Aim of the exercise |
Quote the listing below in full and exactly as written, but omit every picture.

Dataset section |
=== Section Start ===

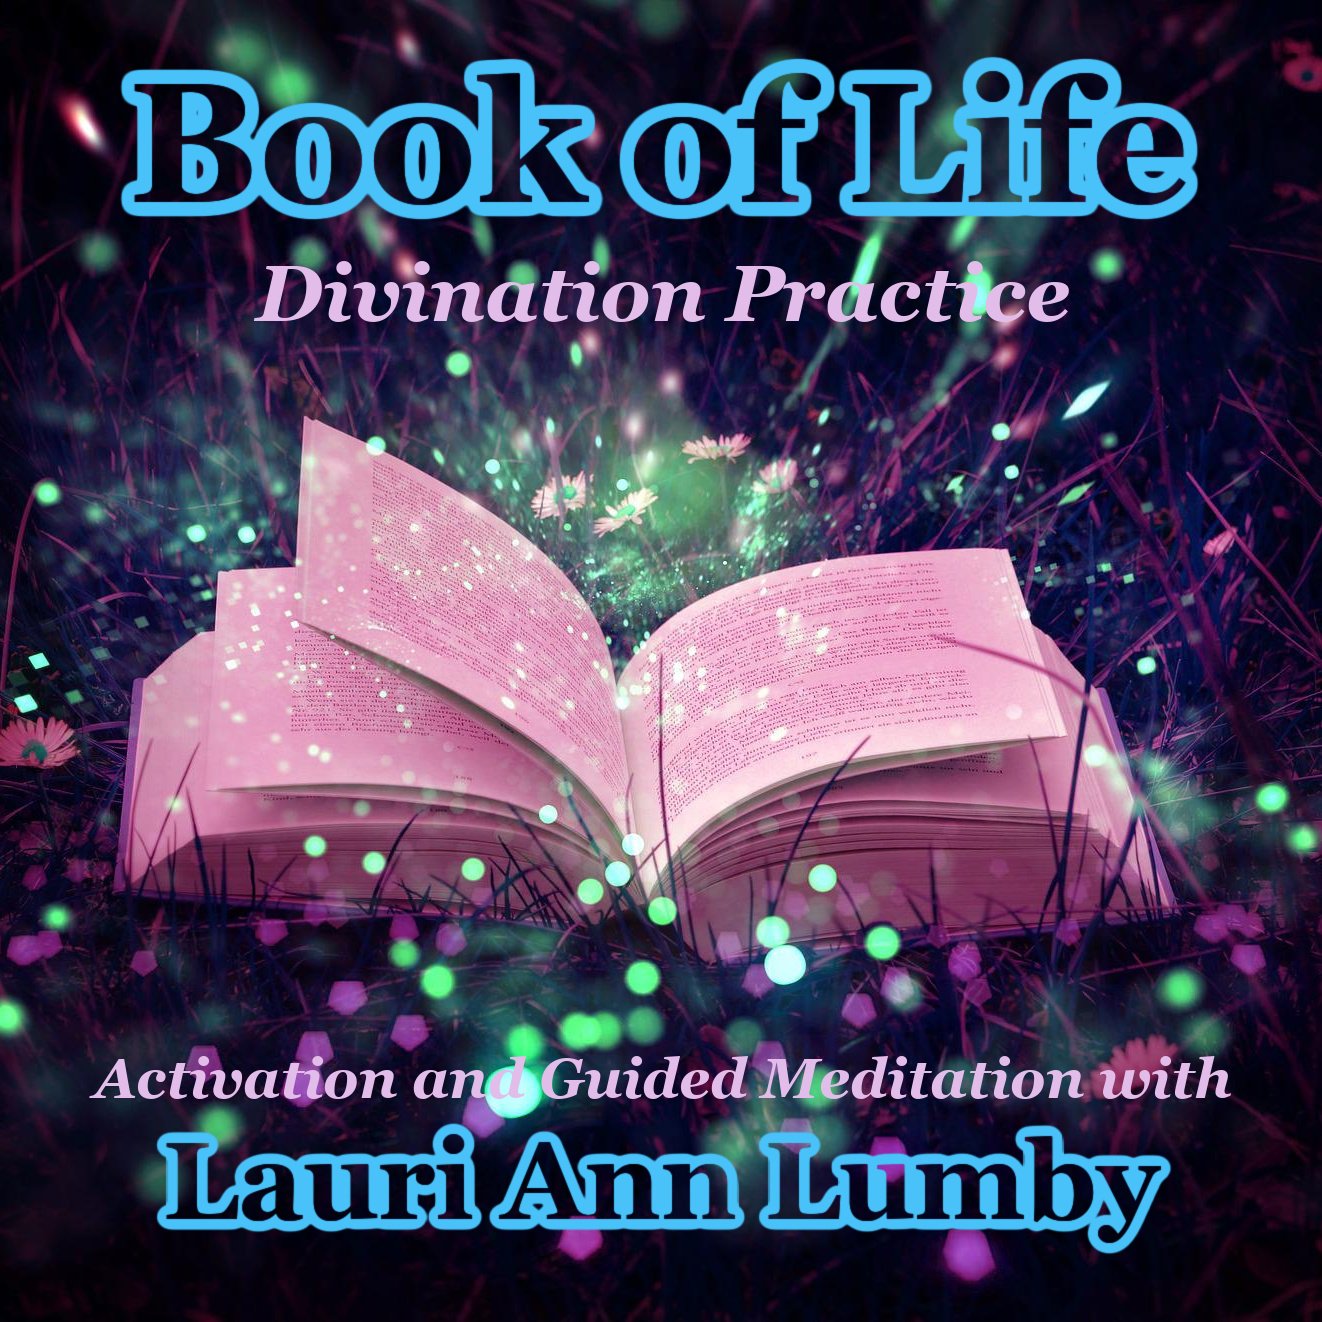 Book of Life Divination Practice
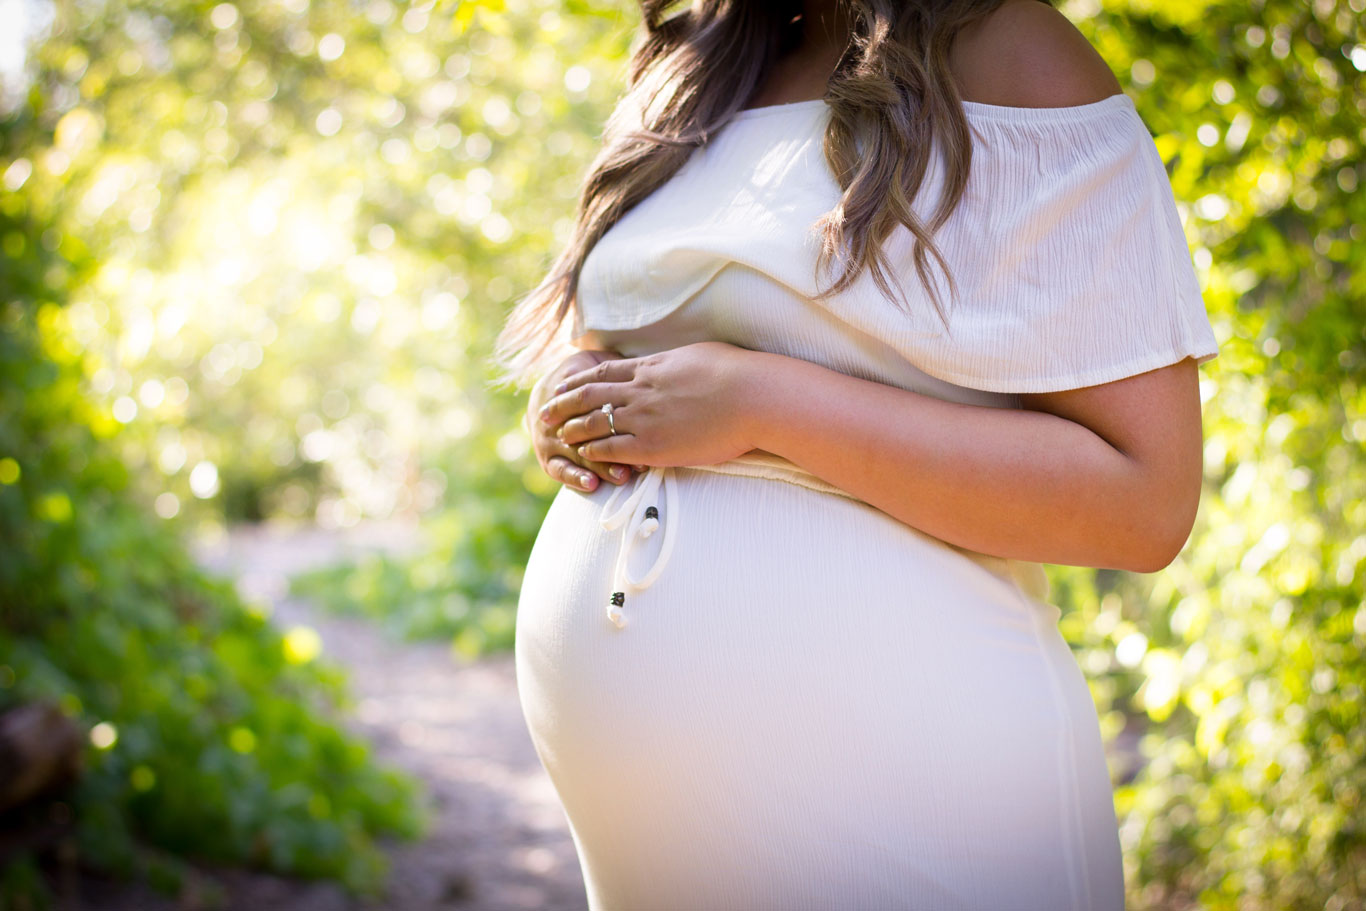 theAsianparent-MoEngage partnership helps mothers experience healthy pregnancies
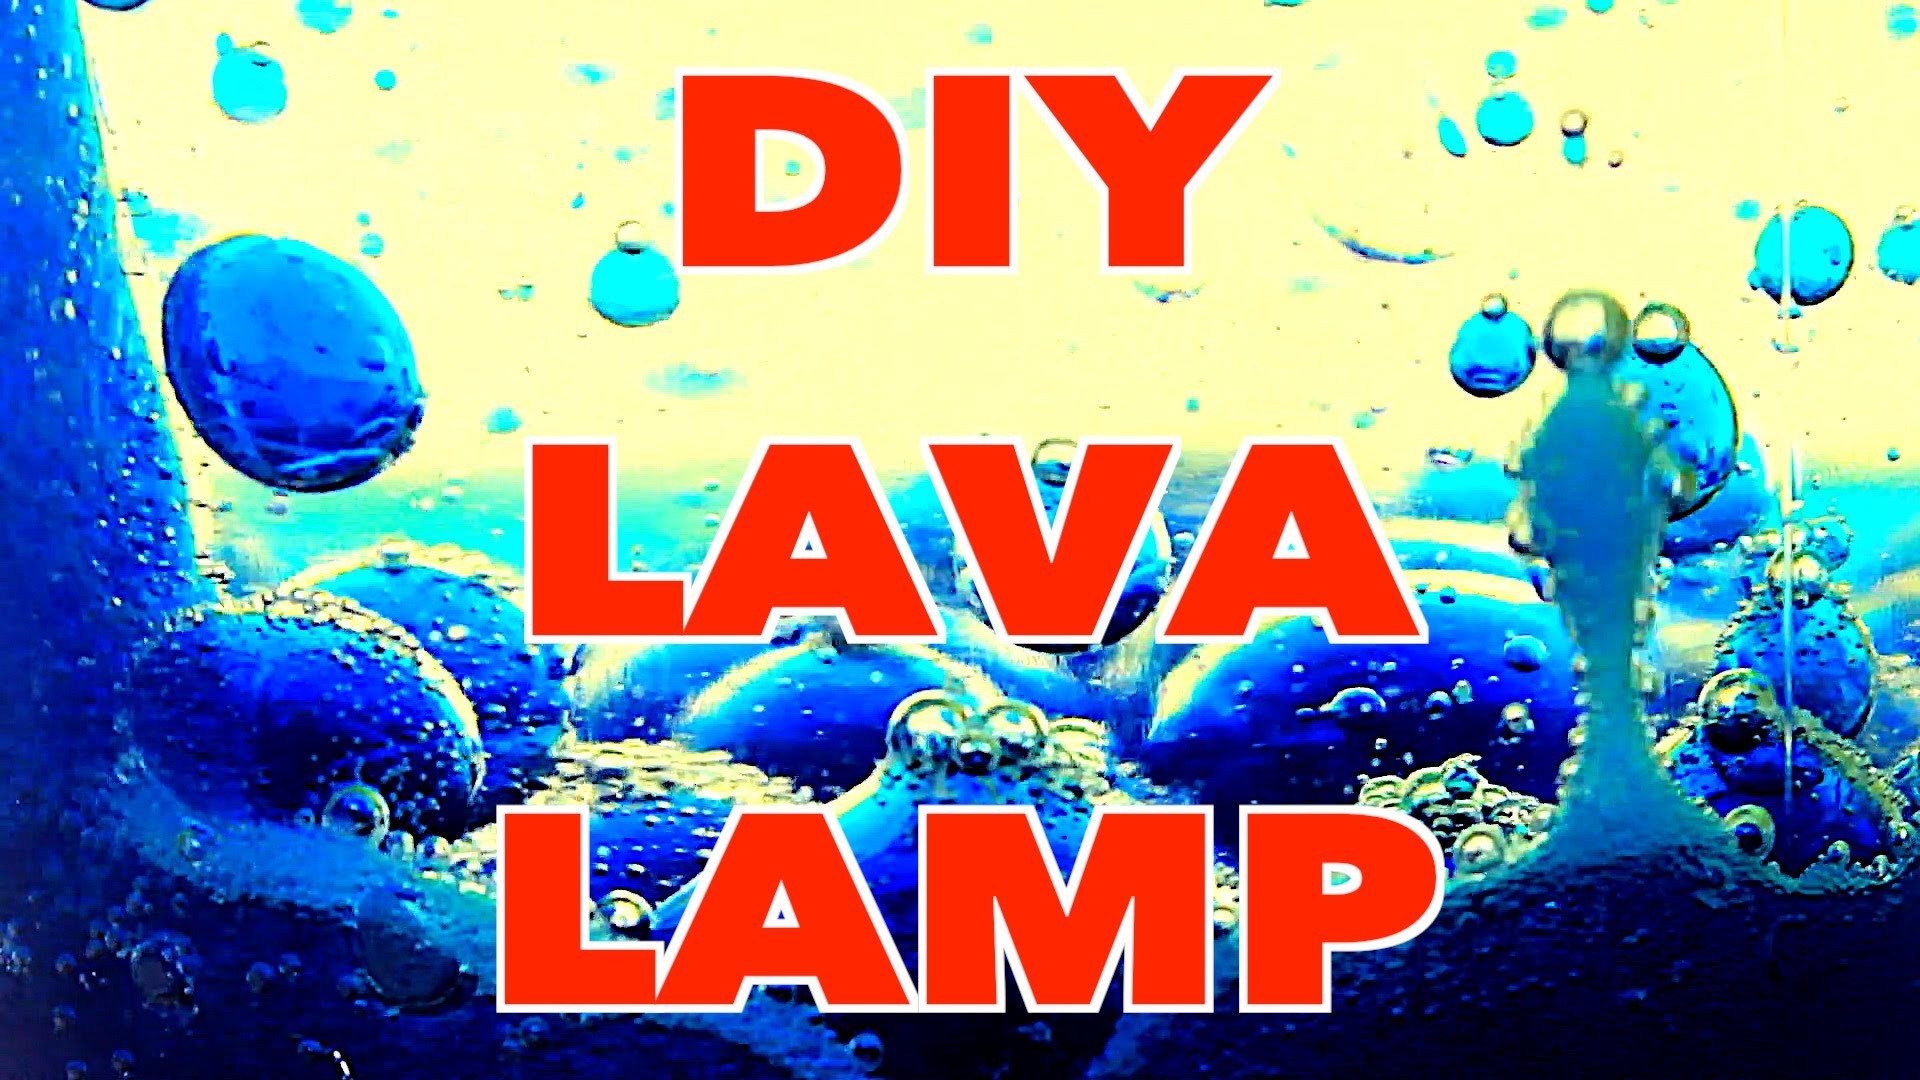 How To Make a DIY Lava Lamp With Alka-Seltzer

=== Section End ===

Result for this task |
 Book of Life Divination Practice
 theAsianparent-MoEngage partnership helps mothers experience healthy pregnancies
 How To Make a DIY Lava Lamp With Alka-Seltzer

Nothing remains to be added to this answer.